Quand la tradition interpelle (suite et fin)

Conclure un patchwork de réflexions sur les traditions mobas nécessite un minimum de rappels des questions fondamentales et des réponses envisagées.
Un Chrétien que les traditions désignent comme officiant des rites ancestraux peut-il faire autrement que de répondre oui à l’appel des traditions ? C’est la question fondamentale de départ. Les conseils reçus par ici et par là recommandent à ceux qui sont dans une telle situation d’autoriser d’autres personnes à officier à leur place et à s’y soustraire eux-mêmes. Comme si le salut auquel on tient ne dépendait pas de celui auquel on permet aux autres d’accéder. Oui, Dieu donnerait-il une prime à celui qui ayant la possibilité de transformer des cœurs et des vies, les abandonnerait à leur sort pour s’occuper de son petit salut individuel ? Dieu, qui sait tendre des pièges où tombe Satan, ne saurait pas se servir de ceux qui le connaissent dans une certaine mesure pour se faire connaître un peu mieux de ceux qui ne le connaissent pas encore ? Une telle solution ne peut être la meilleure devant Dieu. Car il s’agirait d’une véritable non assistance à personnes en danger, si les traditions africaines en général et mobas en particulier sont le cadre de pratiques démoniaques conduisant tout droit en enfer comme le font croire bien des gens qui se prétendent plus croyants que tout le monde.
La meilleure attitude serait peut-être de penser à Jésus ressuscité qui est allé en enfer selon la tradition chrétienne et de se jeter aussi dans « celui » des traditions mobas.
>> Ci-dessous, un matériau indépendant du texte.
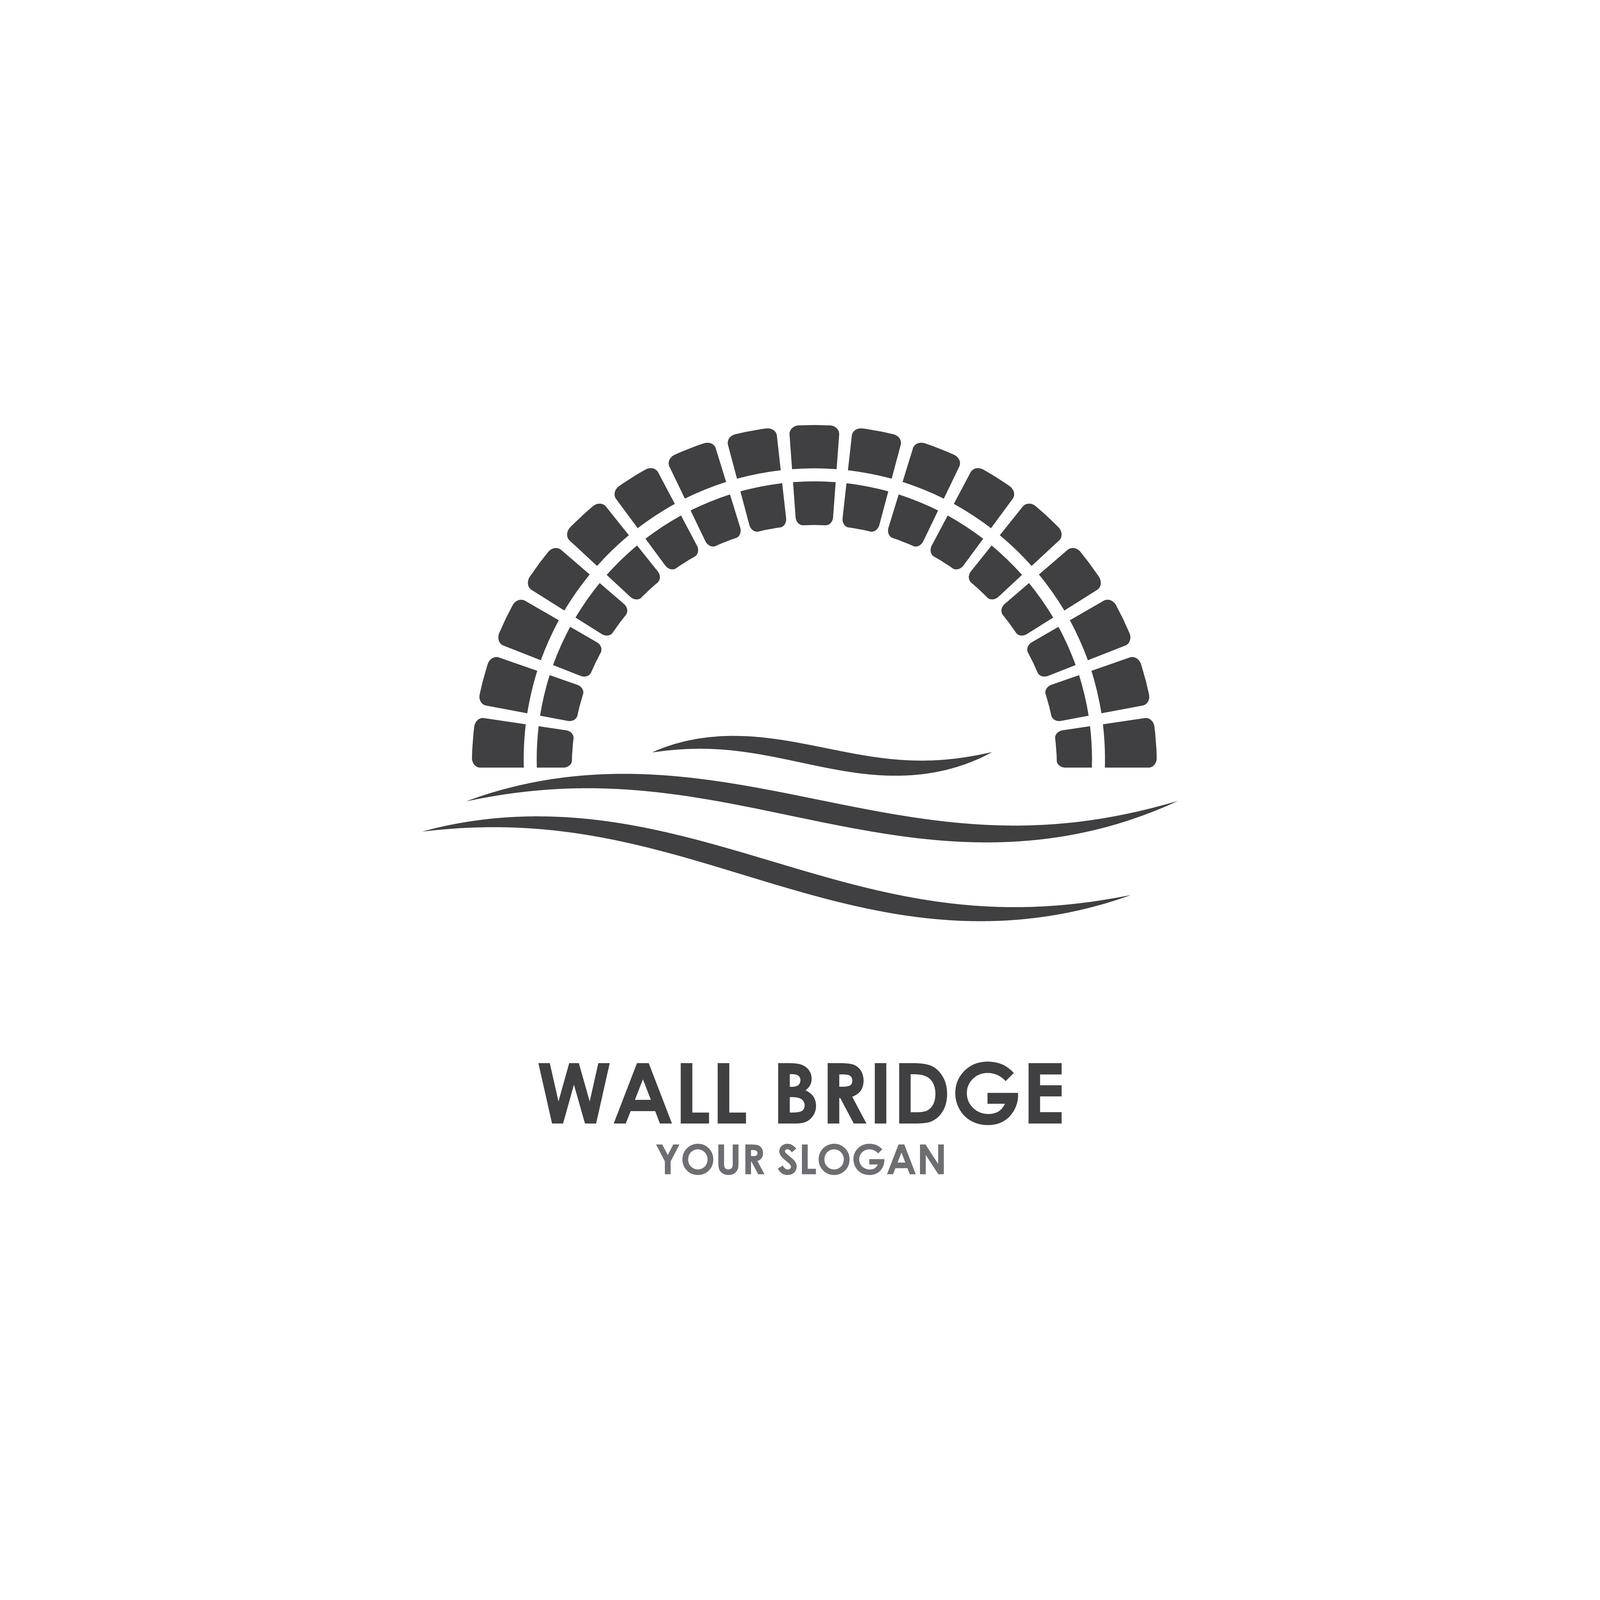 Wall bridge by awk

Ainsi on les connaitrait mieux. On les apprécierait mieux. On découvrirait mieux le génie qu’elles portent en elles. Comment peut-on être chrétien et ne pas être ravi de savoir que depuis la nuit des temps les traditions mobas enseignent que Dieu a un Benjamin, créateur de toutes choses ? Comment peut-on marcher dans le sillage du Christ, crucifié sur du bois, et ne pas comprendre que des Mobas croient que chaque arbre est sacré, c'est-à-dire que chaque arbre est une parcelle de la nature, de la création du fils de Dieu ? Comment peut-on être chrétiens et ne pas comprendre que des Mobas respectent leurs parents, même quand le voile de la mort les enlève à leurs yeux ?
J'essaie à l'aune du christianisme de voir ce qu'il faut impérativement garder de nos traditions, ou du moins comprendre de nos traditions. Entre nous, le culte des ancêtres, n'est ce pas le pari de foi que chaque enfant ou petit enfant ou arrière petit enfant fait que son père ou son grand père ou arrière grand père est un saint? C'est vrai que l'Eglise qui canonise ses saints peut être scandalisée. Mais si on repense à la loi de Dieu qui demande à chaque enfant de respecter et d'honorer ses parents, le culte des ancêtres est justifié. Dieu ne peut pas en vouloir à un enfant qui dit que son père est un saint. Si le père n'est pas saint, c'est son affaire avec le bon Dieu. Mais ça ne regarde en rien l'enfant...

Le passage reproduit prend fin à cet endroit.